William McGurn, a board member at Ave Maria University, recently commented on the Obama administration’s “overreaching” HHS Mandate.The HHS mandate draws an “exemption so narrow that Jesus Christ himself wouldn’t qualify,” according to William McGurn, a board member at Ave Maria University, in a recent commentary for The New York Post.
McGurn said that it has always been clear that some religious nonprofits would protest the mandate because it would force them to violate their beliefs and provide employee health insurance coverage for abortion-inducing drugs, contraception, and sterilization.
Ave Maria University and Belmont Abbey College, which are both recommended in The Newman Guide, are currently suing the Obama Administration over the HHS mandate.

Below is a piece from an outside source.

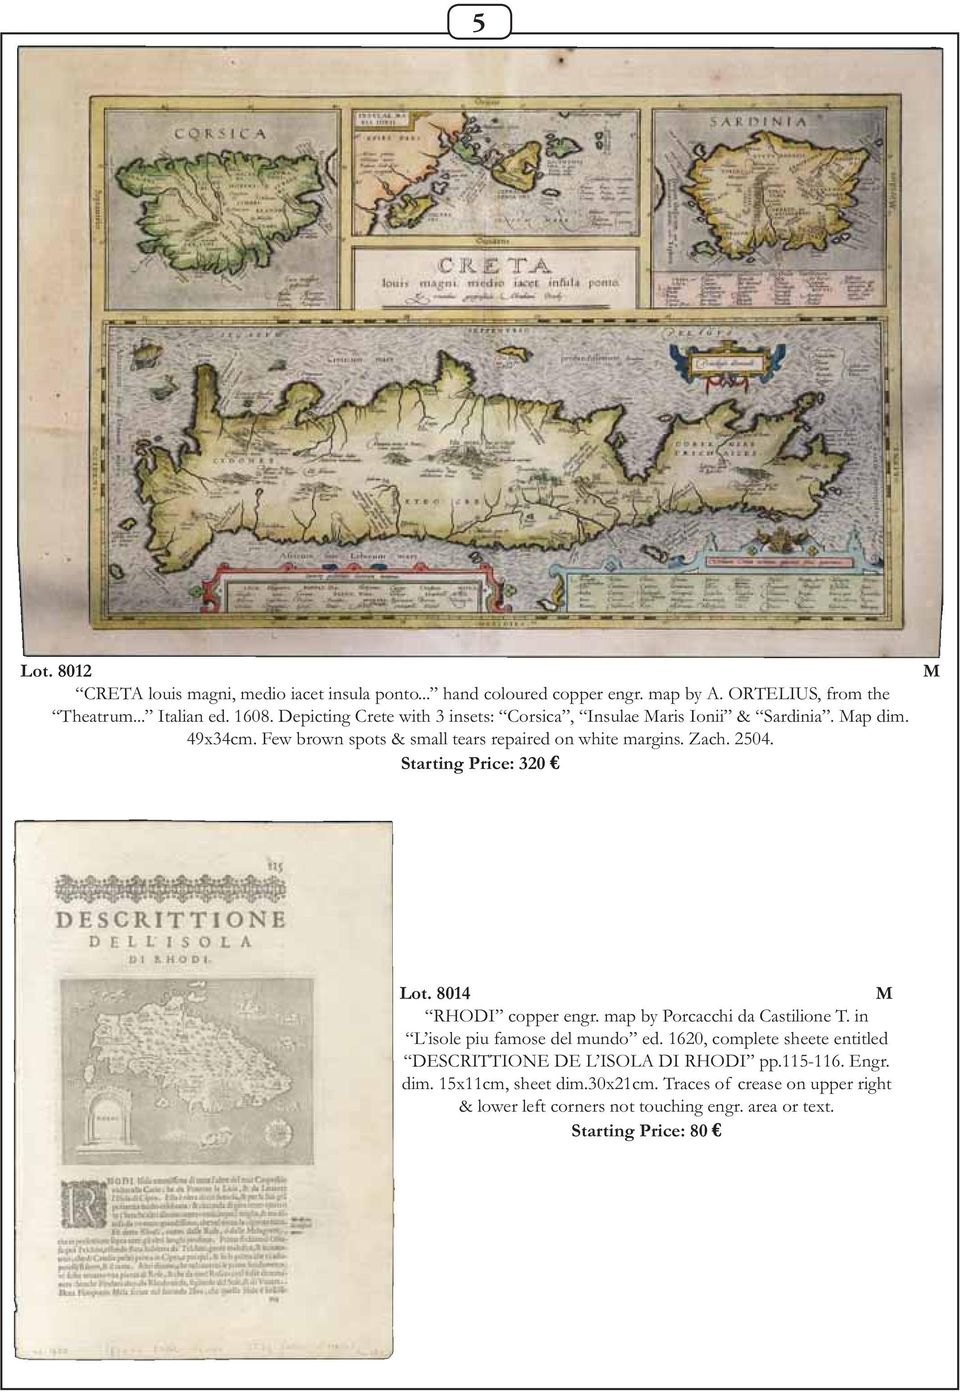 Starting Price: 320 Lot. 8014 RHODI copper engr. map by Porcacchi da Castilione T. in L isole piu famose del mundo ed.

What hasn’t always been so clear, according to McGurn, is that for-profit companies like Hobby Lobby, which is run by a Christian family, would be suing the government as well. Catholic Education Daily recently reported that the Supreme Court has agreed to hear two combined arguments challenging the HHS mandate.
For McGurn, the question to be decided is: “Does a business owner forfeit his faith at the price of doing business?” His commentary shares that fully half of the lawsuits filed against the HHS mandate come from for-profit companies.
One of the key voters on the issue will likely be Chief Justice John Roberts. McGurn notes how Roberts has voted differently on two similar issues in the past. He found the individual HHS mandate constitutional, but he argued that churches should have the right to choose their own ministers in the Hosanna-Tabor Evangelical Lutheran Church and School v. Equal Employment Opportunity Commission Supreme Court decision.
The Religious Freedom Restoration Act, although not absolute, is supposed to prevent laws that substantially burden a person’s free exercise of religion, and requires “government’s interests to be compelling and the means chosen the least restrictive,” McGurn wrote in the Post.
“In other words, once again the Obama administration has overreached,” stated McGurn.